CAN OF WORMS
Planet Earth has a monumental refugee problem. It’s estimated that, world-wide, there are over 40 million displaced persons, or refugees, seeking a safe place to call home. The so-called ‘Lucky Country’, Australia, has not been spared from this problem and is a preferred destination for many asylum-seekers from Sri Lanka, Iran, Afghanistan, Pakistan and other countries where persecution of minorities occurs.
Those lucky enough to have valid passports, appropriate papers and resources fly into the country, obtain temporary visas and then disappear from sight hoping to elude the authorities as they start a new life. Those with families, or without passports or necessary documents and with limited resources, somehow find their way to Malaysia or Indonesia which they use as launching pads to get to Australia. Refugees from Sri Lanka generally sail from there directly to Australia.
They pay outrageous amounts of money to people smugglers to obtain passage on unseaworthy and leaky boats and head south to Australia. Many make it, but hundreds don’t, as their over-crowded boats capsize or sink on the way. Over 100 men, women and children have drowned in the last few months.
Undeterred, thousands of asylum-seekers in Sri Lanka, Malaysia and Indonesia have been queuing up to take the high-risk voyage and Australia’s onshore and offshore detention centres are bursting with interned refugees. And although these isolated centres resemble up-market concentration camps and internment can last many years, still the refugees risk their lives and keep coming.

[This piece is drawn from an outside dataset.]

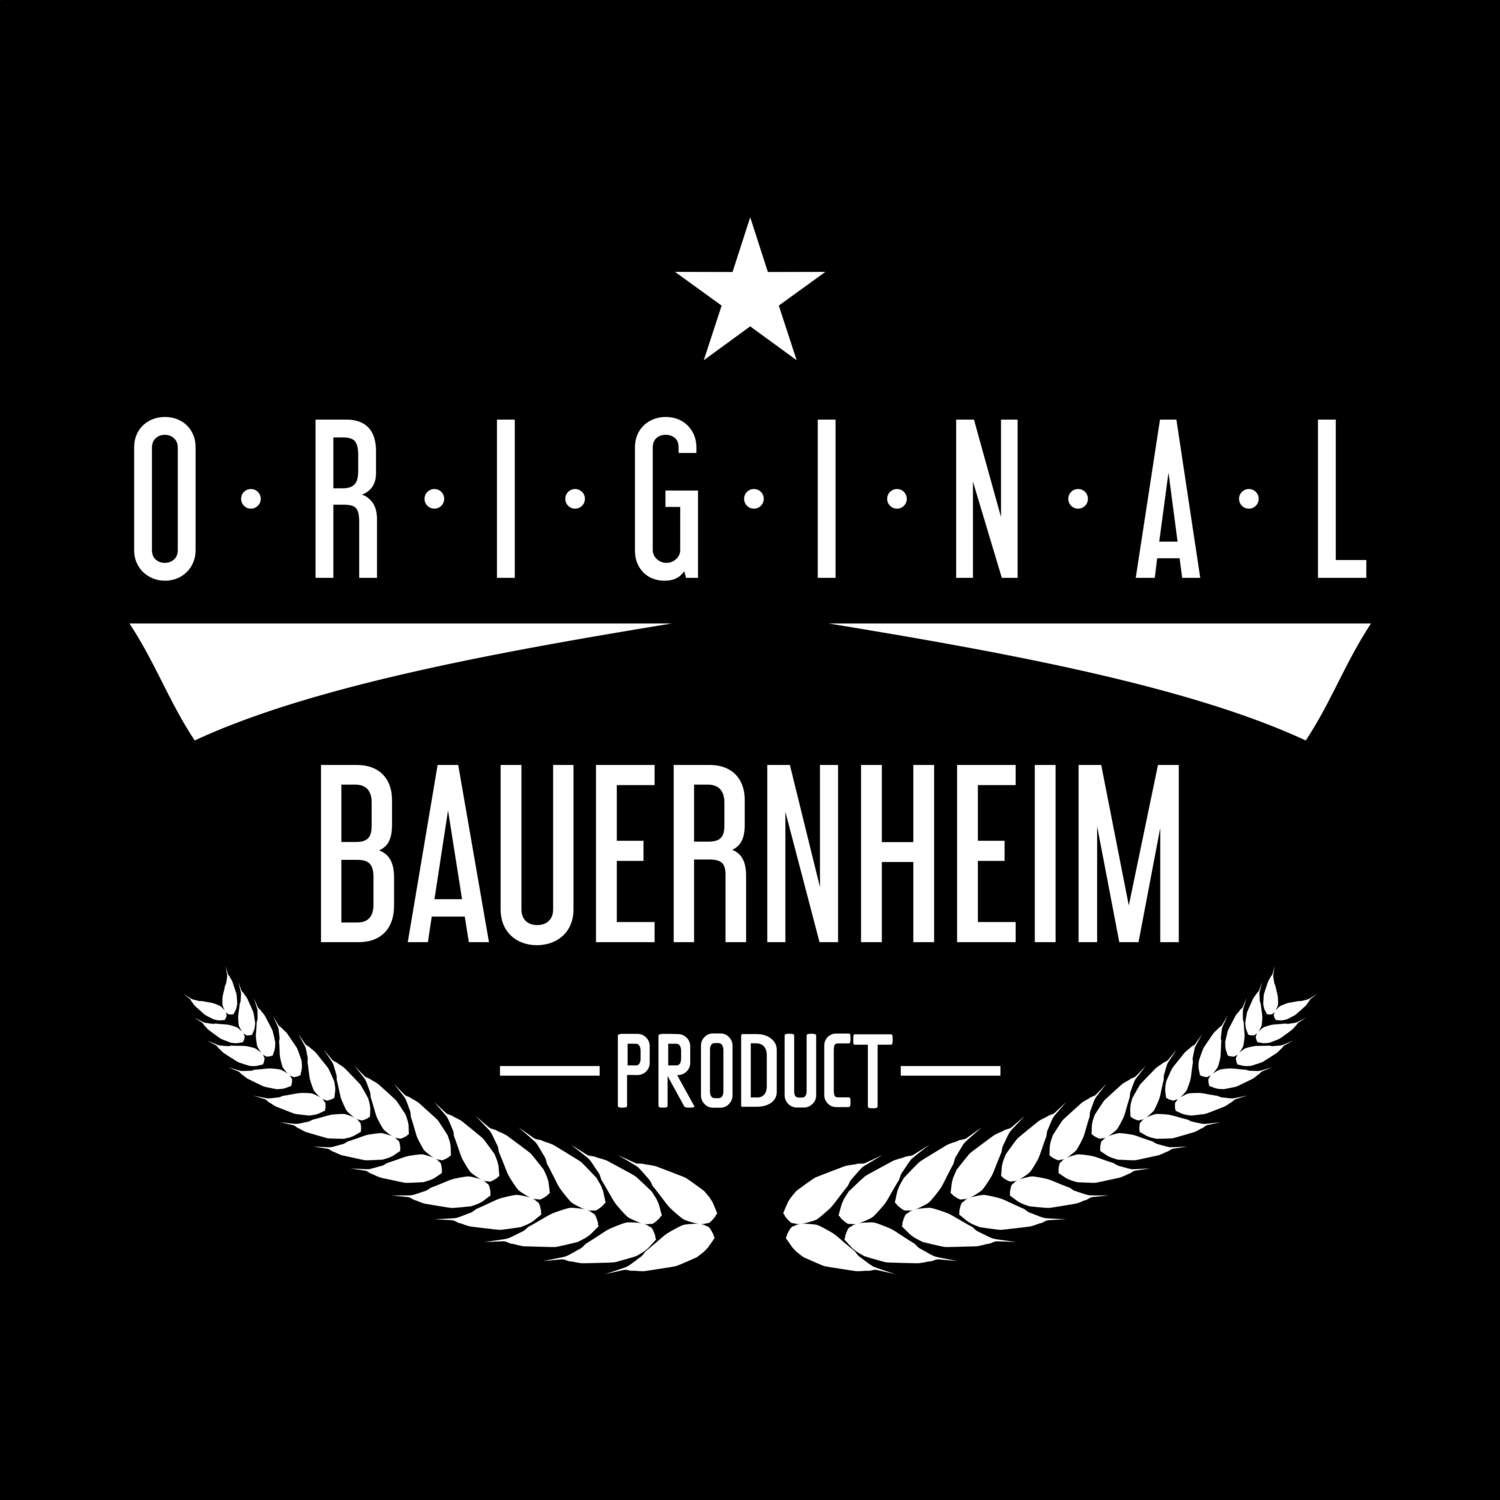 Bauernheim T-Shirt »Original Product«

This is a dilemma and a can of worms for most Australians. The majority of refugees are desperate to find a safe and secure place to live, and many would face persecution and even death if they returned to their countries of origin. However, many Australians believe we would be swamped if we just open up our doors to everyone. Even a lucky country like ours hasn’t got unlimited resources. Our health, education, social services and infrastructure just wouldn’t be able to cope and the potential stresses – economic, cultural, political and religious – would be mind-boggling.
We are currently upping our intake of legitimate and screened refugees to about 27,000 a year, which on a per capita basis (Australia’s population is around 23 million) seems reasonable compared with other countries. Should this be more? Probably.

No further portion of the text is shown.